Vector Faculty Member Marzyeh Ghassemi recently contributed to a Viewpoint article for JAMA online: Challenges to the Reproducibility of Machine Learning Models in Health Care. Written by Ghassemi, Andrew L Beam and Arjun Manrai, the article looks at the intersection between machine learning and health care and the benefits and challenges of reproducibility and replicability.
Reproducibility refers to the ability of researchers to get the same results as the original study when given access to its underlying data and analysis code. However, even when a study is reproducible, the authors caution, it does not mean that it is replicable (where someone applies the same methods to a different set of data), or that generalizations can be made from its results.
Machine learning is helping to create many new clinical prediction tools. Though they offer potential improvements to the quality of care for patients and cost savings for hospitals, they also present unique challenges and obstacles to reproducibility, something that needs to be carefully considered for patient safety as these techniques begin to be deployed in hospitals.

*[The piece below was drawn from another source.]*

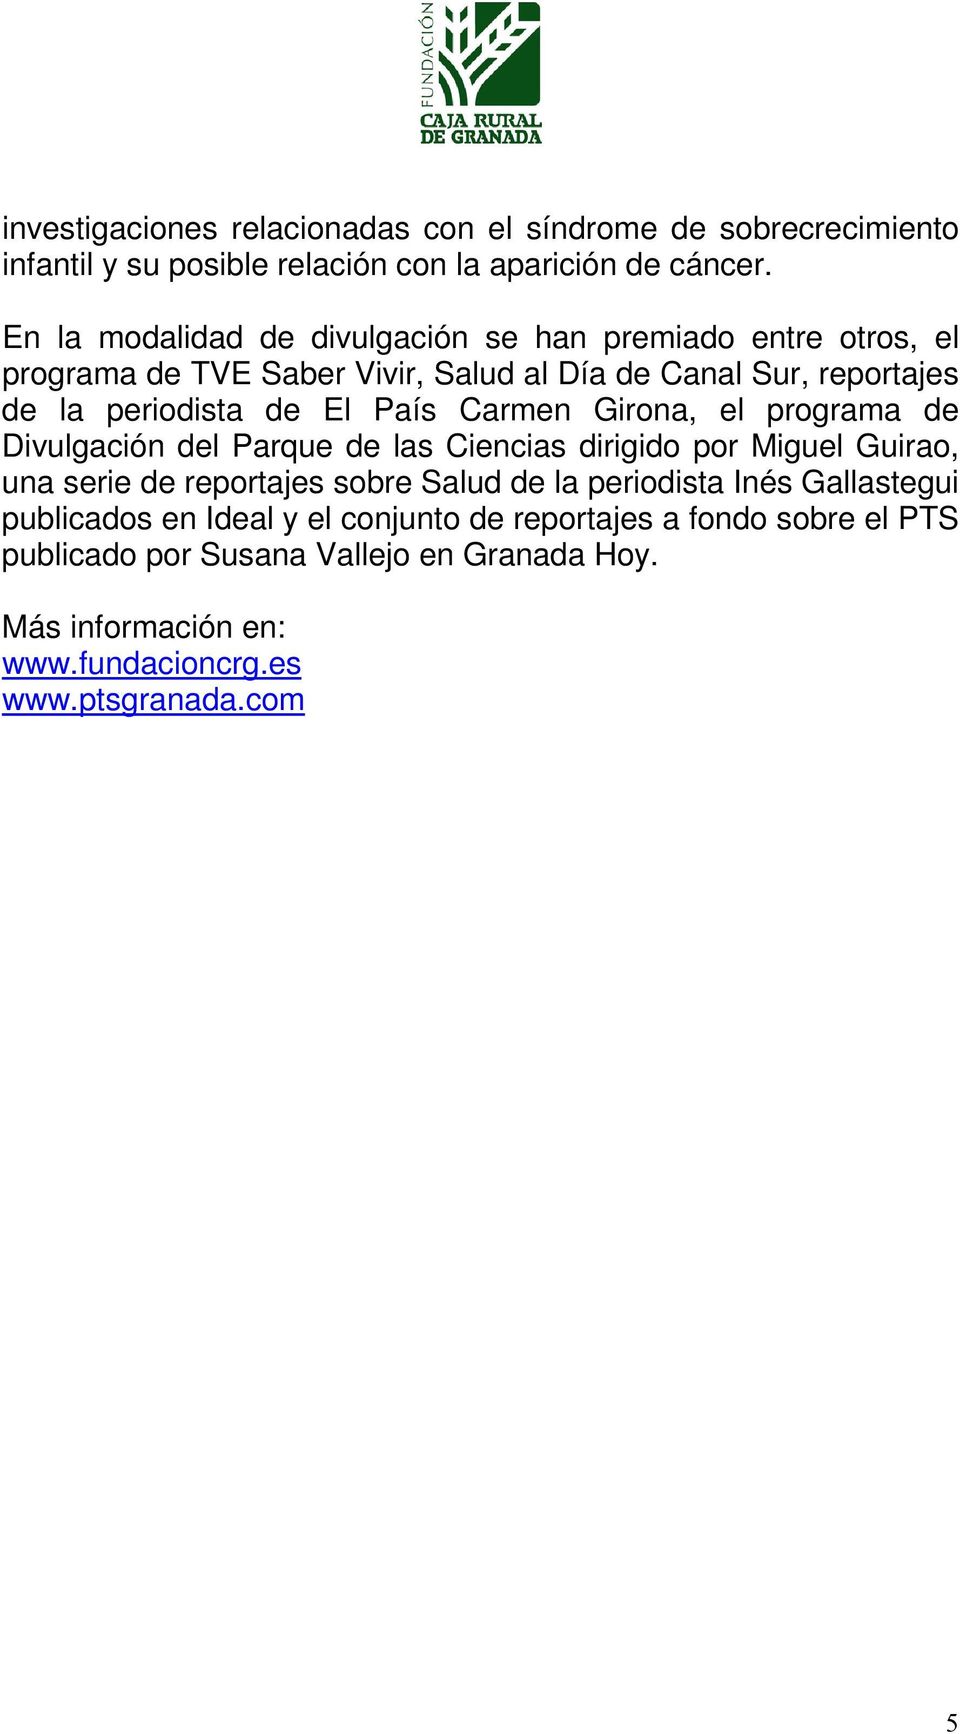 País Carmen Girona, el programa de Divulgación del Parque de las Ciencias dirigido por Miguel Guirao, una serie de reportajes sobre Salud de la periodista

“There is a significant push in the machine learning community to create robust results,” says Ghassemi. Using high-capacity models that can model many relationships among many variables, can add complexity to reproducibility; often there are technical choices made by default, or as part of an installation process, that could impact the outcome of a study. “A doctor in another place could run that same model on their data and get very different results.”
Code sharing and data accessibility are both important goals that Ghassemi believes must always be kept top-of-mind. “The long-term risks of creating niche unverifiable results in a clinical setting are real, and we should invest in a culture of research that allows for intellectual verification.”